HVLP should work great for that.


----------



## SS_painting (Jan 11, 2020)

RH said:


> HVLP should work great for that.


It was more this specific model I was questioning. I'm not really interested in spending $500 on a machine. 

Sent from my SM-G950W using Tapatalk


----------



## RH (Sep 7, 2010)

SS_painting said:


> It was more this specific model I was questioning. I'm not really interested in spending $500 on a machine.
> 
> Sent from my SM-G950W using Tapatalk


Okay, can’t help you there. And $500 would still be a cheaper HVLP.


----------



## cocomonkeynuts (Apr 14, 2017)

SS_painting said:


> I'm wanting to buy a gravity fed HVLP gun for spraying alkyd industrial enamels. Any idea if this set up will be able to push that material through? And yes, I know it'll have to be thinned.
> 
> https://m.kmstools.com/devilbiss-startingline-paint-and-primer-hvlp-spray-gun-kit-17471
> 
> Sent from my SM-G950W using Tapatalk



yes we thin alkyd enamel to spray hvlp turbine with xylene.


note you need a large compressor to spray with conventional guns:
"13 CFM @ 30 psi inlet"


----------



## finishesbykevyn (Apr 14, 2010)

Those guns actually look pretty decent. 2 for $279 is fantastic. But yes, depending on your production you'll need atleast a 30 gal. air tank for low production to 60gal for high production. Or maybe you already have a tank..
Running your airhose through a wall mount moisture filter is also a good idea.
I have 2 of the 3M Accuspray guns that work great.

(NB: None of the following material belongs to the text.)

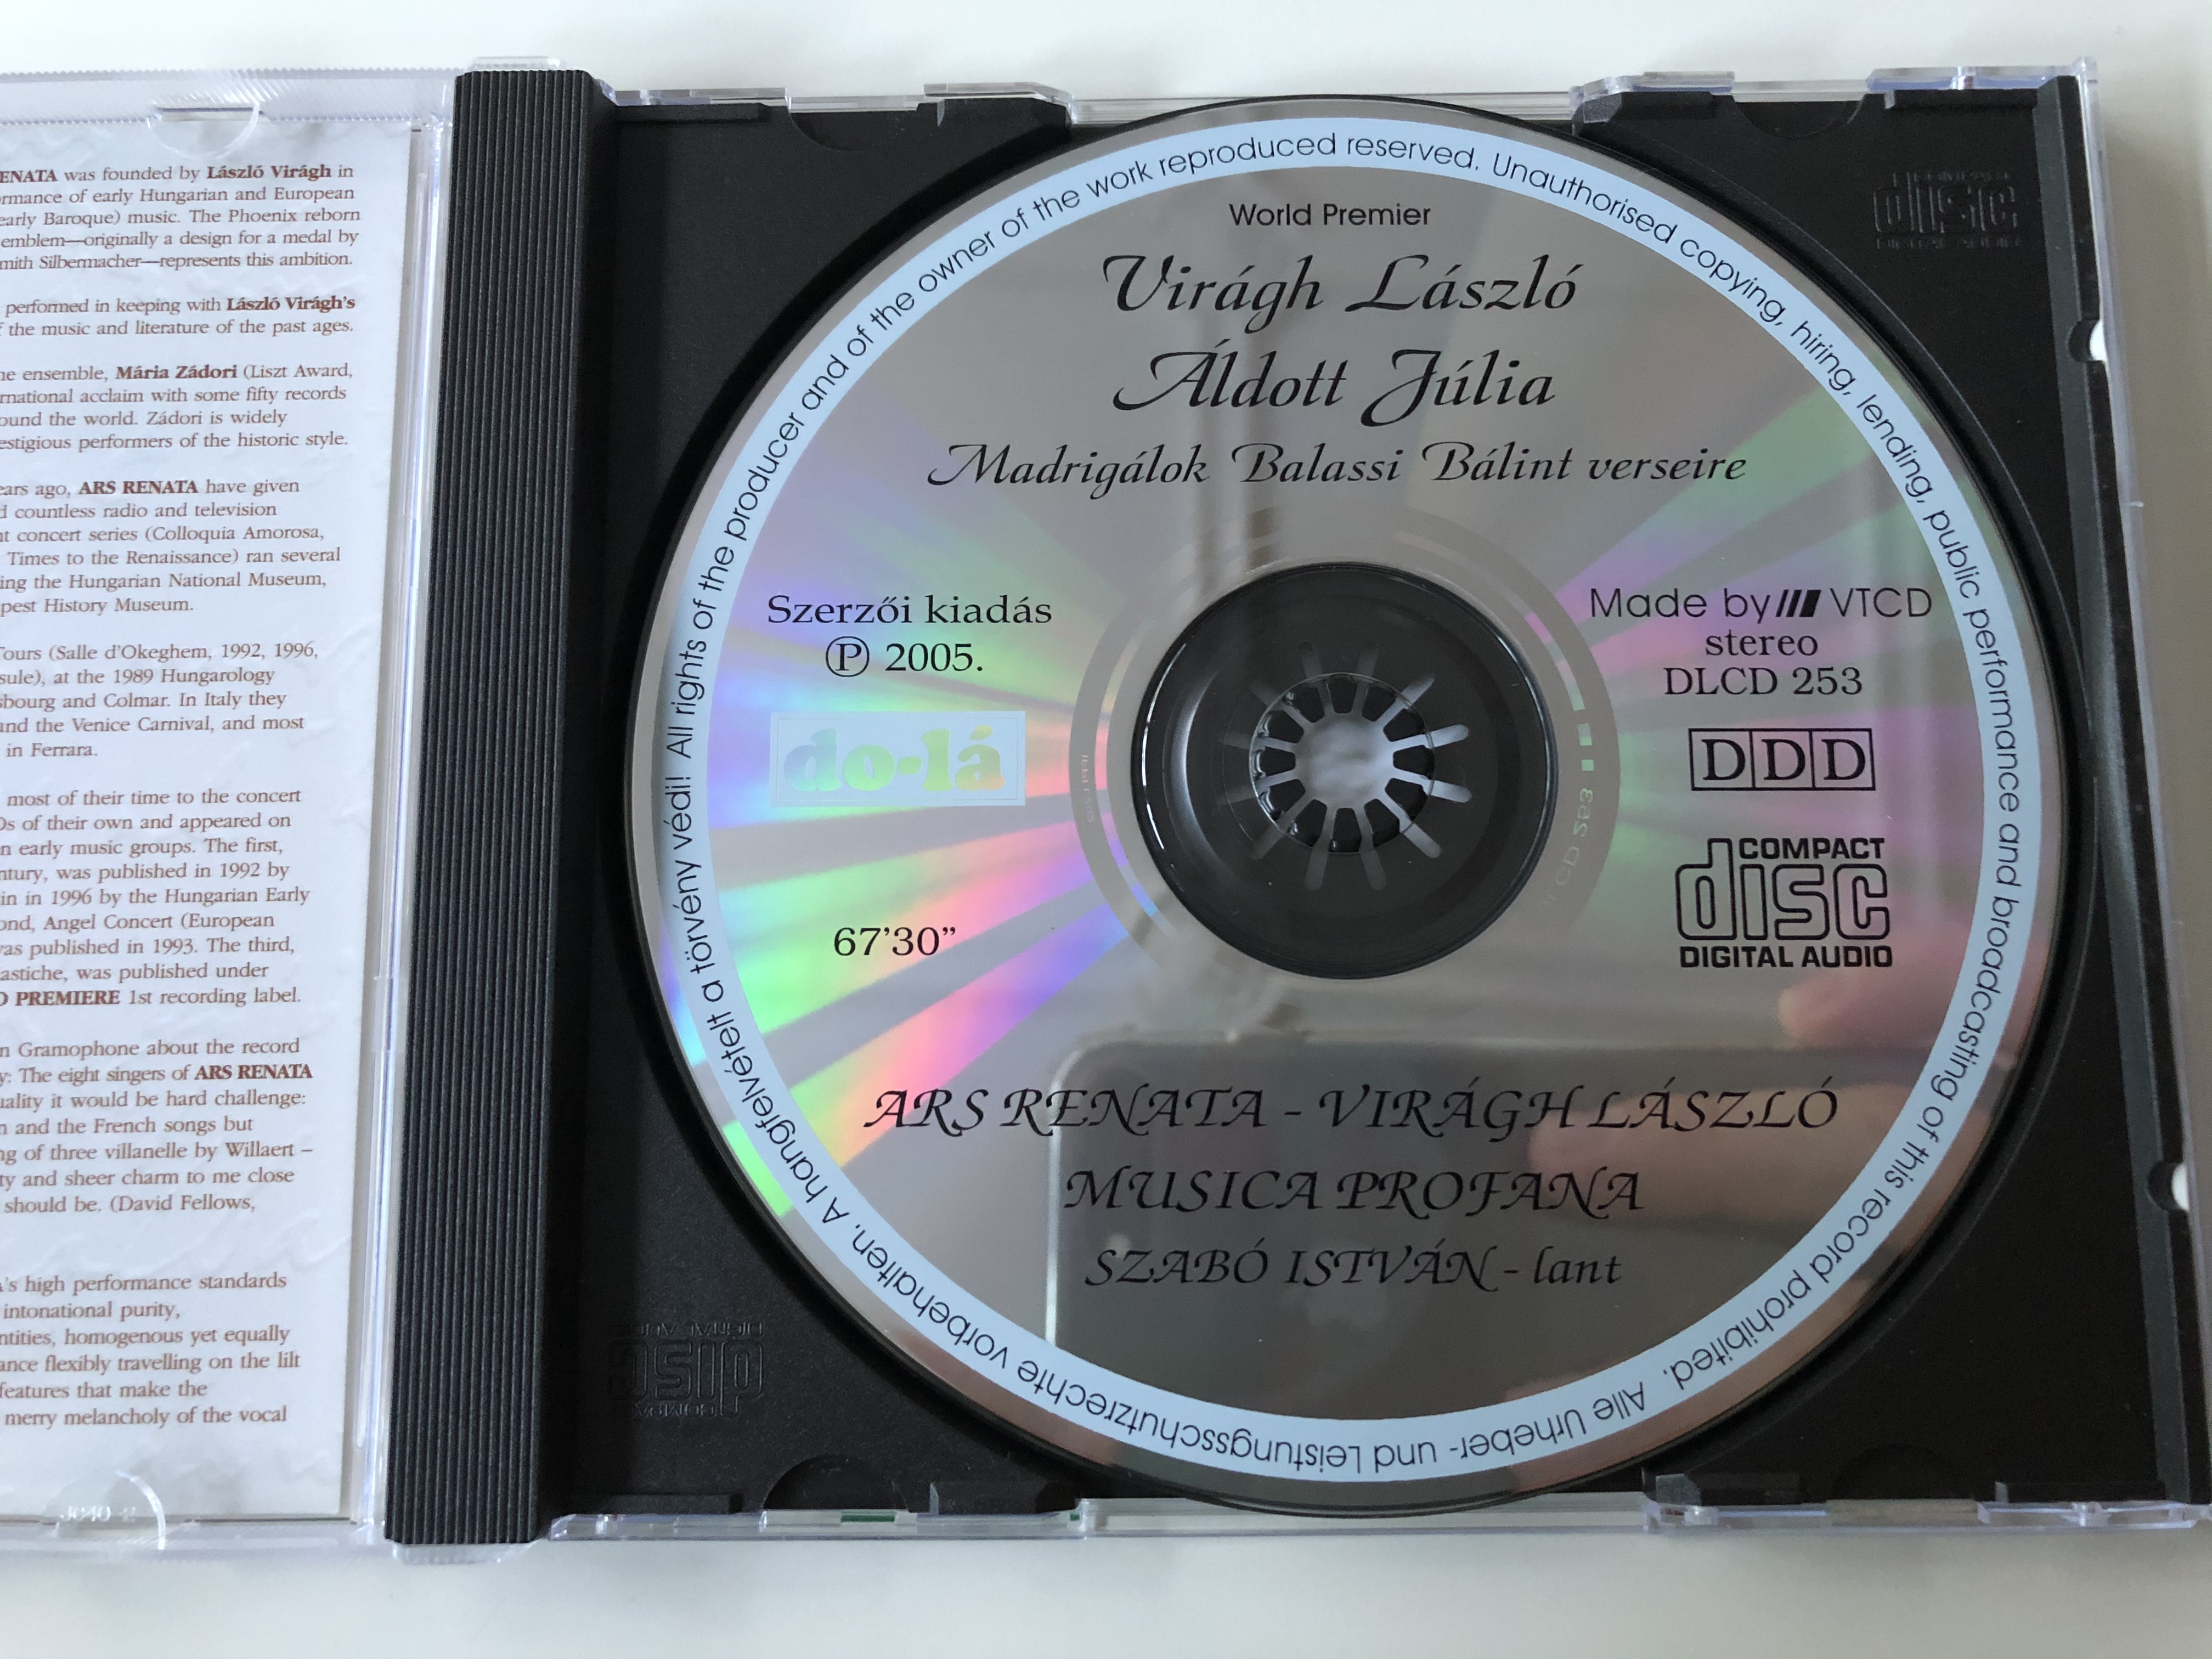 viragh-laszlo-aldott-julia-madrigalok-balassi-balint-versire-ars-renata-viragh-laszlo-musica-profana-szabo-istvan-lant-do-la-audio-cd-2005-stereo-dlcd-253-3-.jpg

The have interchangable tips and disposible cup liners which makes for easy cleanup.


----------



## SS_painting (Jan 11, 2020)

finishesbykevyn said:


> Those guns actually look pretty decent. 2 for $279 is fantastic. But yes, depending on your production you'll need atleast a 30 gal. air tank for low production to 60gal for high production. Or maybe you already have a tank..
> Running your airhose through a wall mount moisture filter is also a good idea.
> I have 2 of the 3M Accuspray guns that work great. The have interchangable tips and disposible cup liners which makes for easy cleanup.


I'll be using this at home, and a 100+ gallon at work










Sent from my SM-G950W using Tapatalk


----------



## finishesbykevyn (Apr 14, 2010)

Are you by-passing the pressure pot? Because that would require a different setup obviously.


----------



## SS_painting (Jan 11, 2020)

finishesbykevyn said:


> Are you by-passing the pressure pot? Because that would require a different setup obviously.


It's a possibility. That way I don't need 2 separate compressors. I also got the okay from the store that sells these guns that the double tank posted above is sufficient enough. 

Why would it require a different setup? 

Sent from my SM-G950W using Tapatalk


----------



## finishesbykevyn (Apr 14, 2010)

SS_painting said:


> It's a possibility. That way I don't need 2 separate compressors. I also got the okay from the store that sells these guns that the double tank posted above is sufficient enough.
> 
> Why would it require a different setup?
> 
> Sent from my SM-G950W using Tapatalk


 The pressure pot unit will have a syphon hose that connects your gun to the pressure pot. The gravity fed gun unless dual purpose, feeds direct from the top of your gun. I'm not an expert in HVLP by any means, but if you have two different setups, you may need 2 different guns, unless you can get one that excepts gravity fed or syphon.


----------



## SS_painting (Jan 11, 2020)

finishesbykevyn said:


> The pressure pot unit will have a syphon hose that connects your gun to the pressure pot. The gravity fed gun unless dual purpose, feeds direct from the top of your gun. I'm not an expert in HVLP by any means, but if you have two different setups, you may need 2 different guns, unless you can get one that excepts gravity fed or syphon.


That's correct, it does. However I can bypass the pressure pot by not connecting to it. Going directly from the compressor to the gun. 

Sent from my SM-G950W using Tapatalk


----------